Some of you may already be ahead of me in transferring this to the context of computers. Esau would be pushing to that more challenging mode of existence with Linux while Jacob would use Windows 7. (Macs would correspond to whatever they were using in the fleshpots of Egypt for those of you who wish to push this a little farther.)
I grew up on the frontier, starting with a TRS-80 and moving to an Apple IIe and then finally hitting the PC river, as it were, more than twenty years ago. I've been watching the frontier disappear ever since as we've moved from floppies to hard disks and CDs and DVDs and USBs. Then came the Internet and the Cloud may supersede it all. I've gone through all of the contortions that we had to back in the good old days just to get something to print for Heaven's sake.
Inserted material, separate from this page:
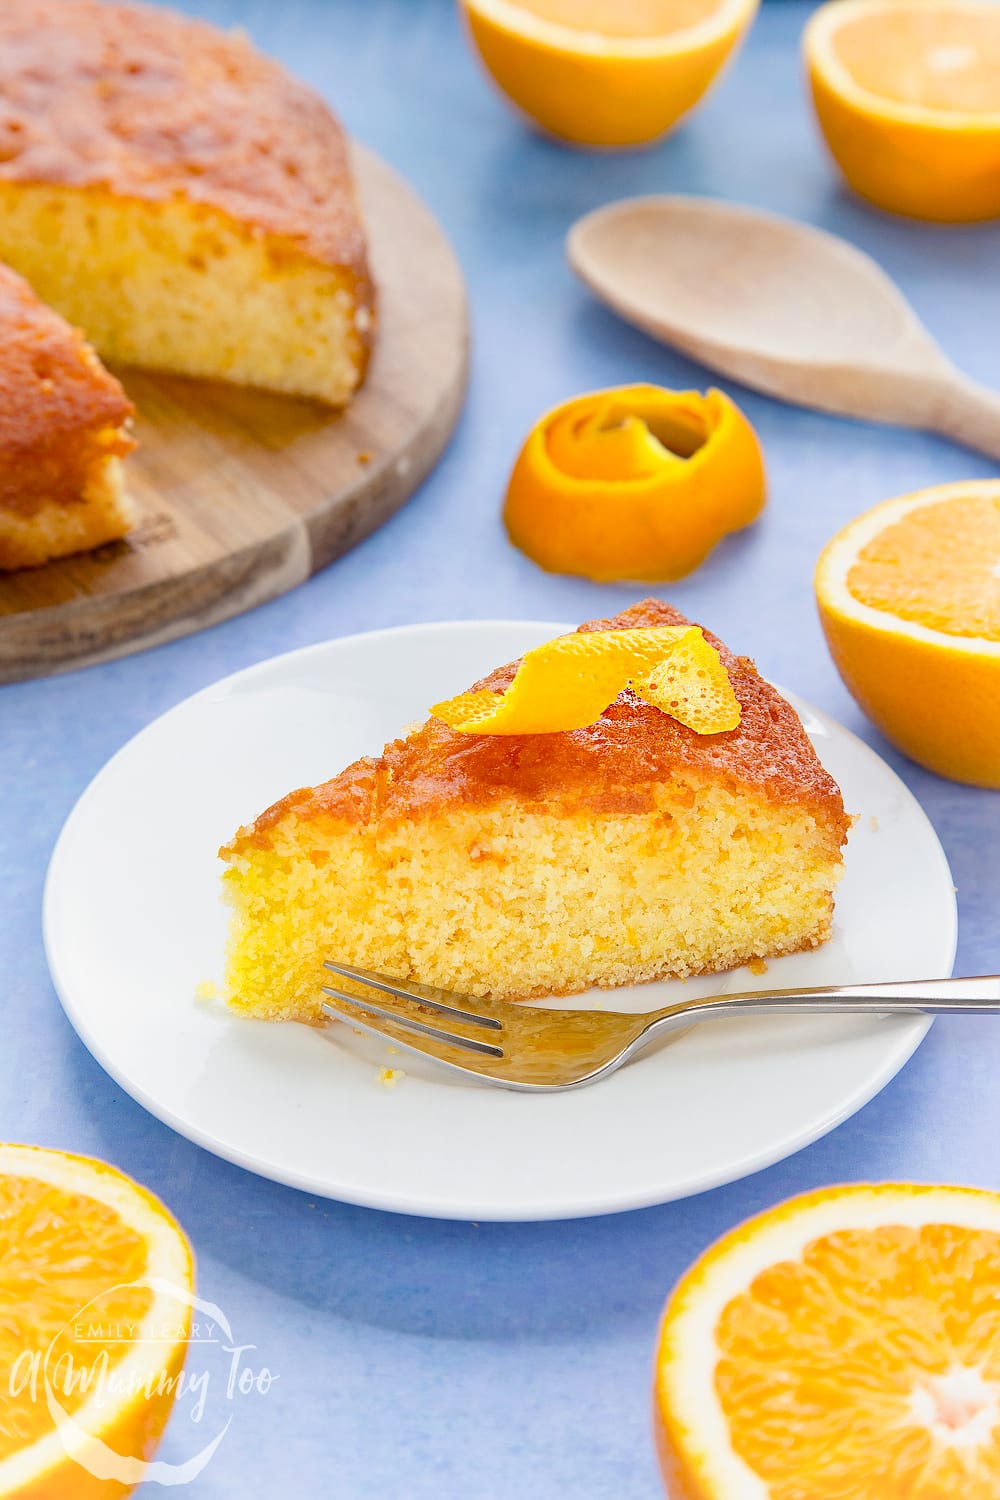 A slice of orange drizzle cake served on a small white plate. A cake fork rests on the plate.

All of those contortions are why we developed things like Windows 7 and Snow-frickin-Leopard and all of those other things. Friends, let me tell you, as much as we gripe about these OSs, they ain't so bad. They beat the Hell out of walking three blocks across campus to access your e-mail from a Unix account and download the file that was sent you using Kermit. I was younger then, everything did work right, but that rosy glow doesn't make me think I'd like to do it that way all over again.
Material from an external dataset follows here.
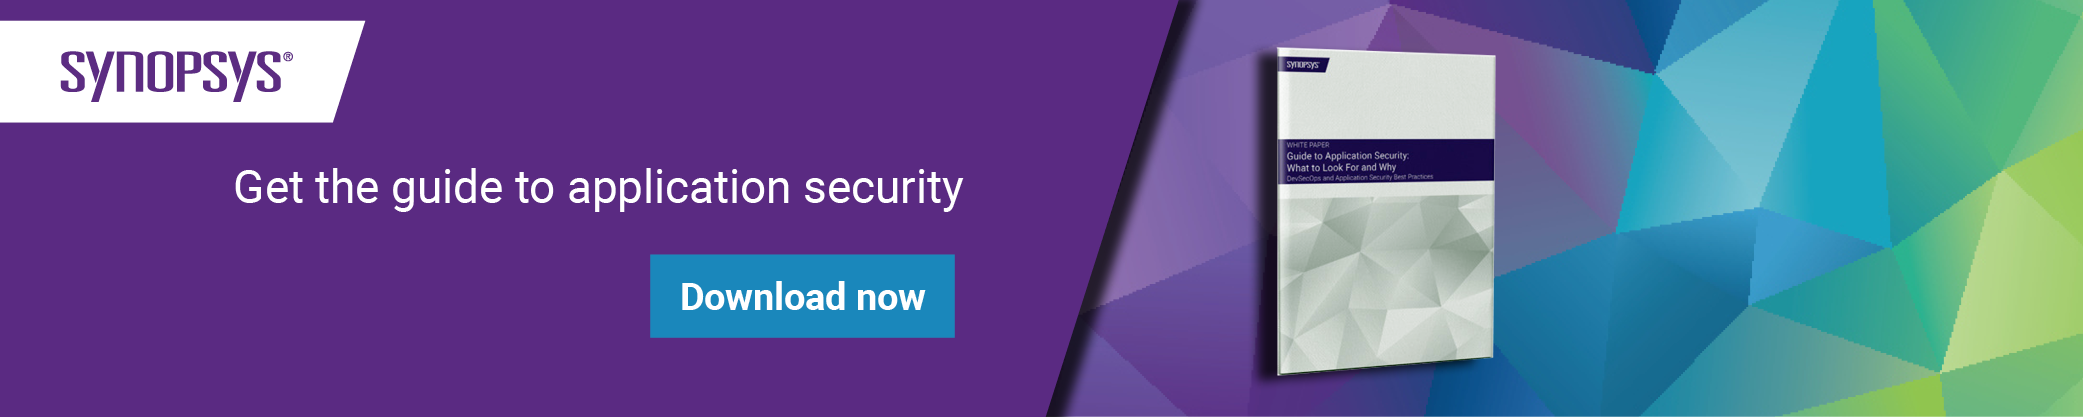 Get the guide to application security | Synopsys

That being said: This is a hobby. We do hobbies to stretch ourselves in safe, controlled ways. I can pretend that I am back on the Computer Frontier as it was in the days of old, but do it while safely living in the modern world.
In other words, I've moved out of the hardware faze and into the software faze which is presenting a new challenge to me. I will keep you updated, but now the smell of the spring flowers is calling to me.